News Feature | January 23, 2015

FDA Releases Draft Guidance On Medical Device Accessories

By Chuck Seegert, Ph.D.

FDA EHR Pilot Program

The FDA has recently released draft guidance related to medical device accessories, which includes how those products are defined. Classification of these devices uses a risk-based framework, and the guidance describes the process for identifying where an accessory fits within that framework. The document was only released to elicit comments from industry and other parties, and is not final or in effect at this time.
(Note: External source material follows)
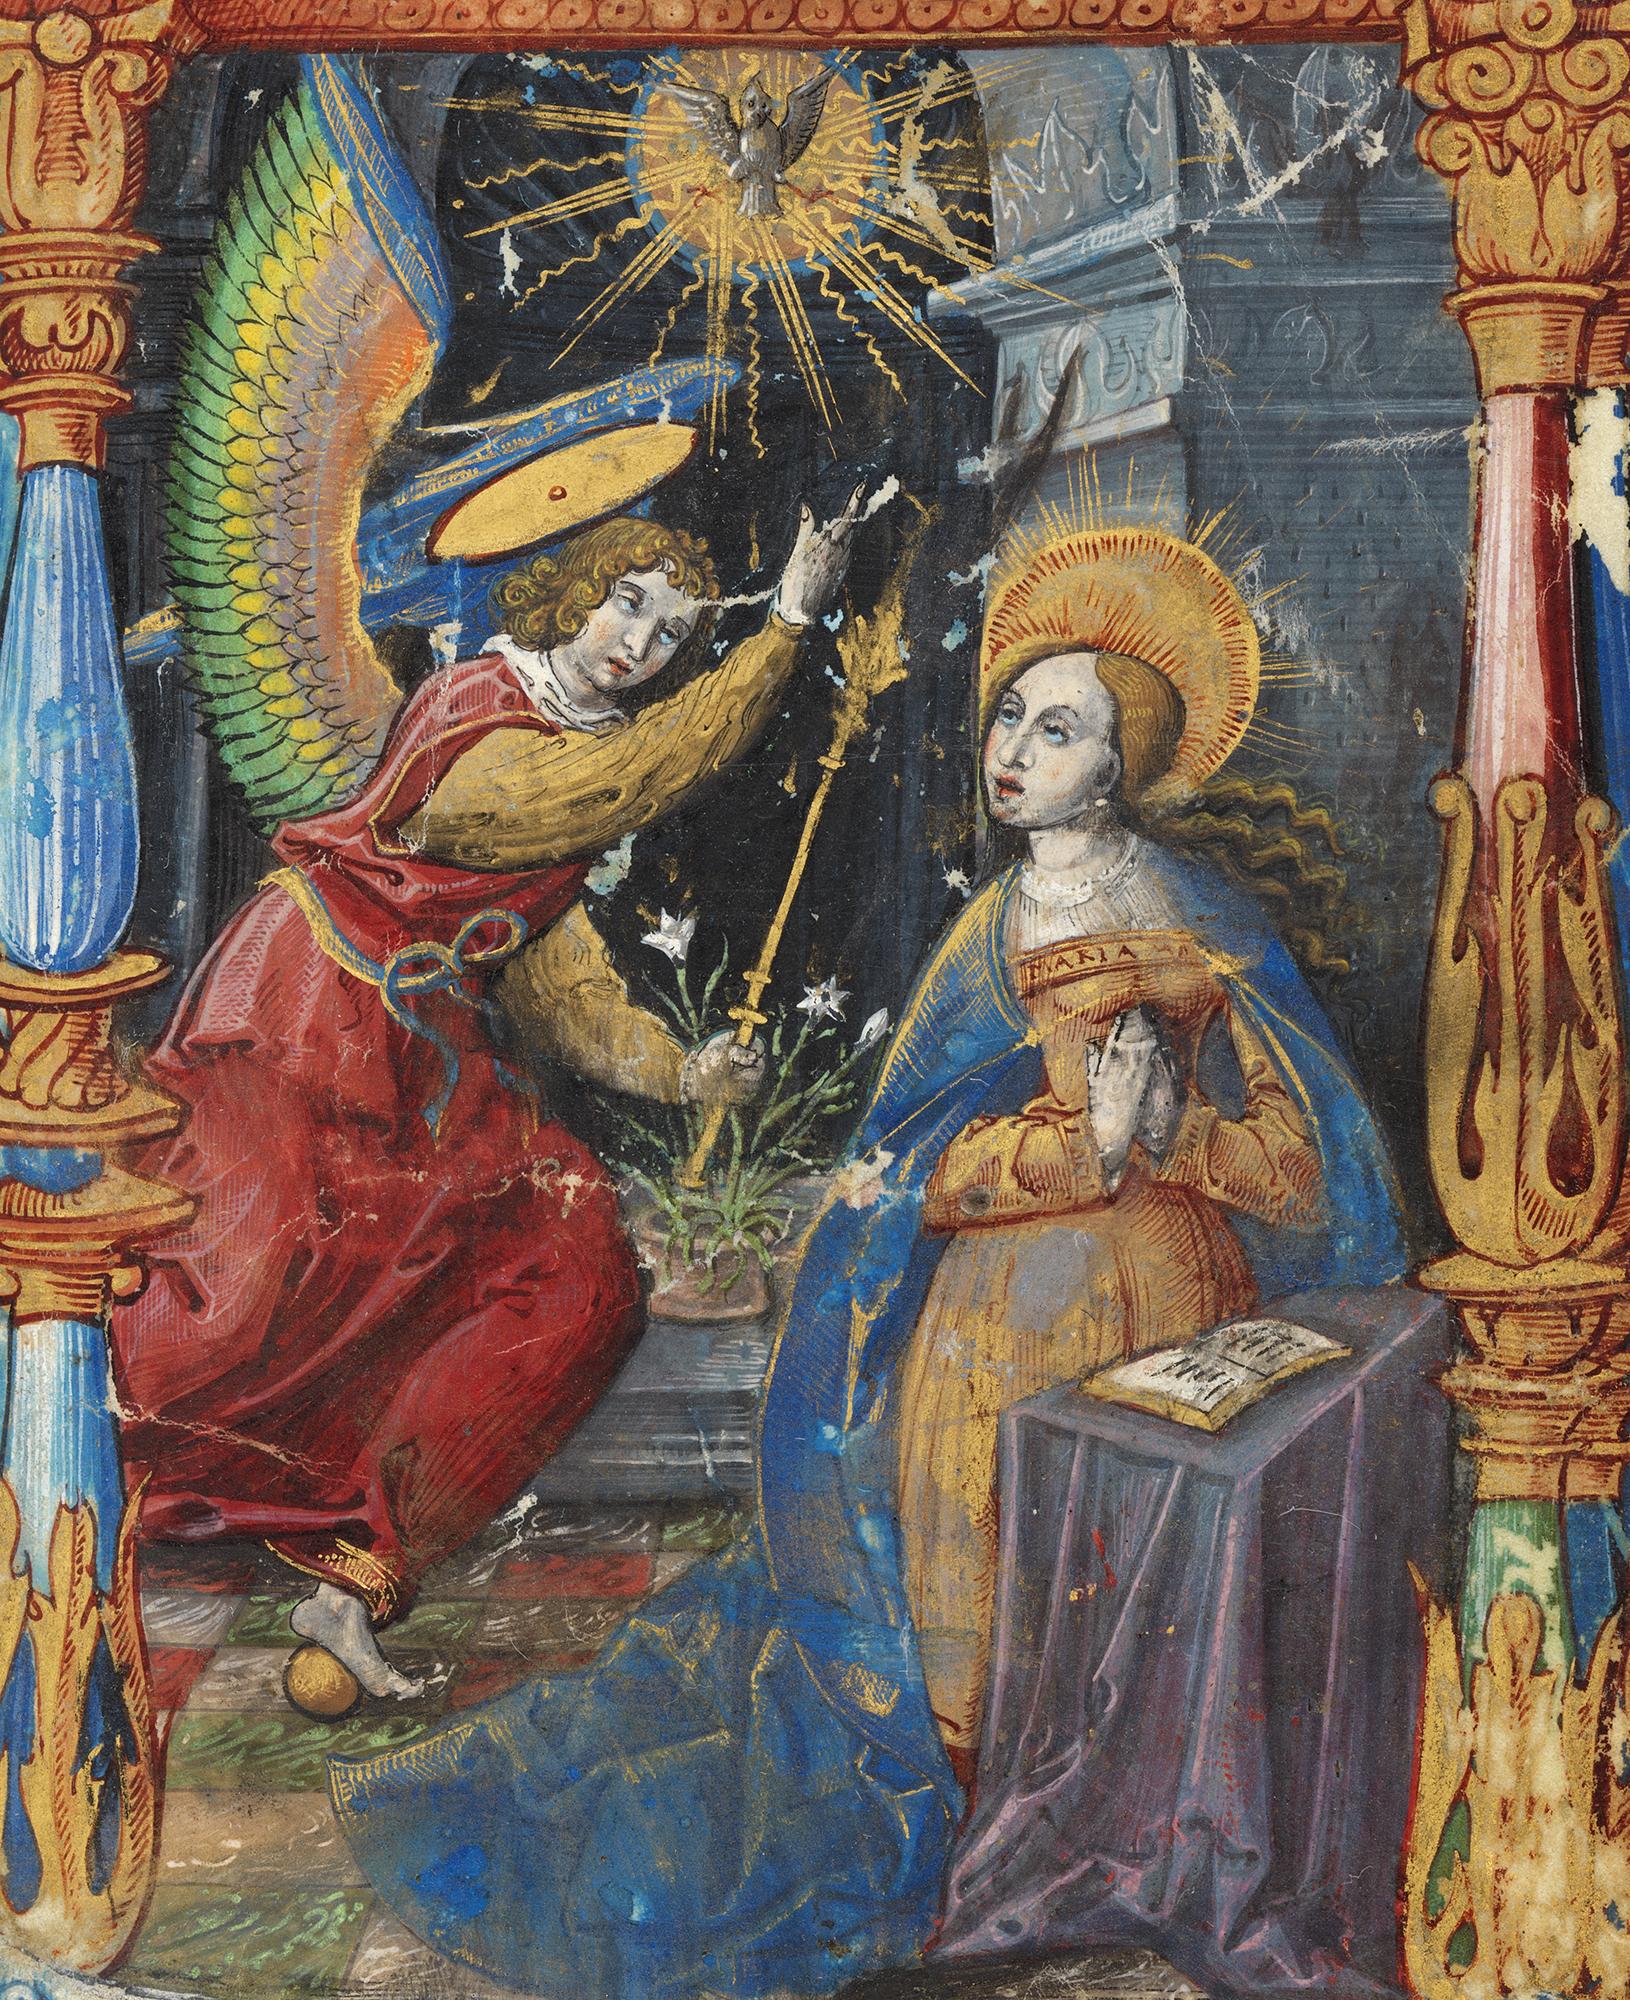 An illumination depicting a religious, Christian scene.
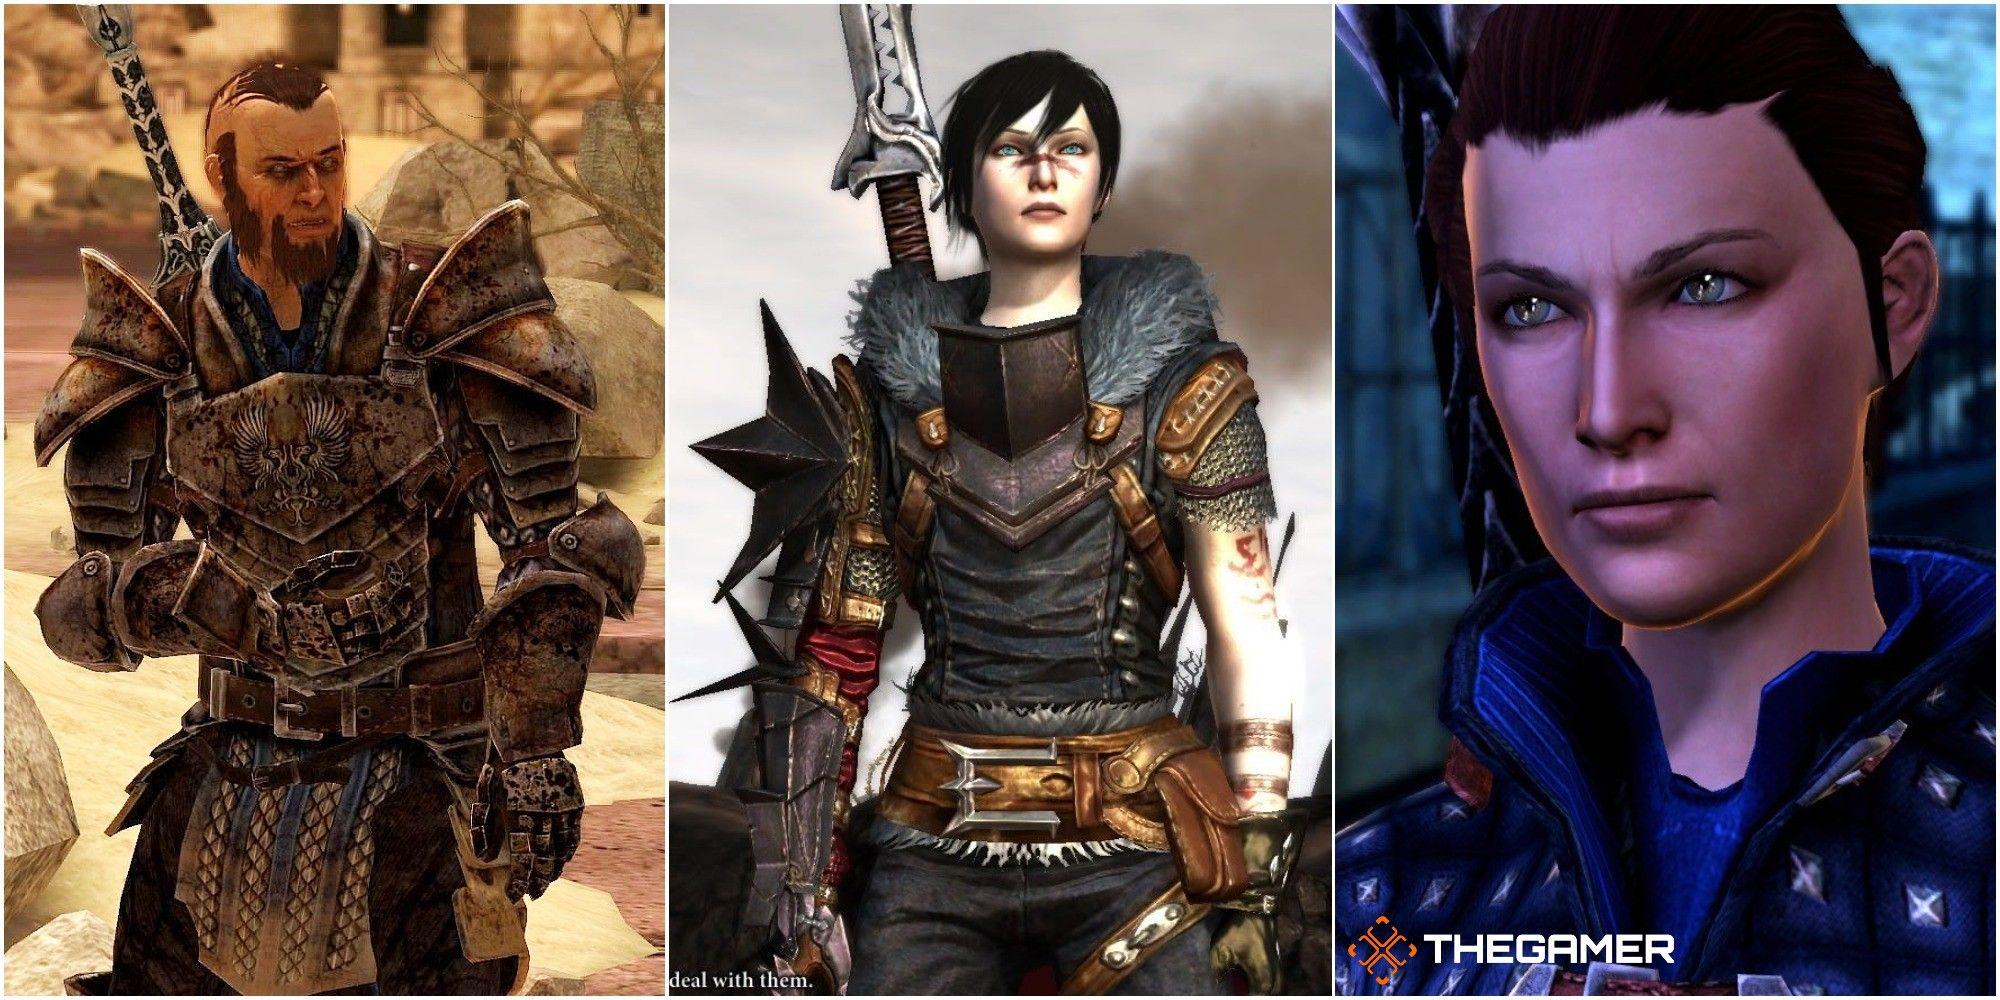 Dragon Age 2: ¿Deberías elegir a Larius o Janeka?

Medical device classifications are designed to reflect the levels of risk that a device may cause during its intended use. In some cases, these devices have accessory components that, when used as intended, may have a lower risk profile than the parent device. For example, a Class III parent device may have an accessory with risks that could be mitigated by general or special controls, which would allow the accessory to be regulated as a Class I or Class II device.

In the past some confusion has existed about whether an accessory should be regulated at the same level as its parent device. The traditional pathway has made the approval of new low-risk accessories challenging. In the absence of a predicate device, classifying a new accessory as Class I or Class II has not been straightforward.

Recently, the FDA released draft guidance titled “Medical Device Accessories:

Defining Accessories and Classification Pathway for New Accessory Types.” This new guidance is intended to clarify the confusion surrounding the definition and classification of medical device accessories. Accessories fall under the purview of the FDA because the definition of a device in section 201(h) of the Food, Drug, and Cosmetic Act (FD&C Act) includes its accessories.

Historically, accessories have been classified in two different ways:

  • The accessory can be included in the same classification as the parent device, which is regulated through the 510(k) process, the pre-market approval process, and by express inclusion in the regulation or order of the parent device.
  • The accessory could receive a unique, separate classification regulation or order. When this classification is used, the accessory is separate from the parent device. It is generally used for accessories with multiple parent devices, or when the accessory has standalone functions.  

The new guidance is designed to encourage manufacturers to use the risk-based classification process for new types of accessories. According to the guidance document, the following definitions apply:

  • Accessory: A device that is intended to support, supplement, and/or augment the performance of one or more parent devices.
  • Parent Device: A finished device whose performance is supported, supplemented, and/or augmented by one or more accessories.

The guidance document then lays out the accessory classification approach in light of these definitions, which is summarized below:

Accessory Classification Policy

  • Is the article an accessory? To determine this, two questions may be asked:
    • Is the article intended to be used with one or more parent devices?
    • Is the article intended to support, supplement, and/or augment the performance of one or more parent devices?
  • What are the risks of the accessory when used as intended with the parent device(s), and what regulatory controls are necessary to provide a reasonable assurance of its safety and effectiveness?
  • Finally, the FDA encourages medical device manufacturers and other parties to take advantage of the de novo classification process of the FD&C Act. This will enable a risk-based assessment of the new accessory, which could provide a pathway to Class I or Class II classification.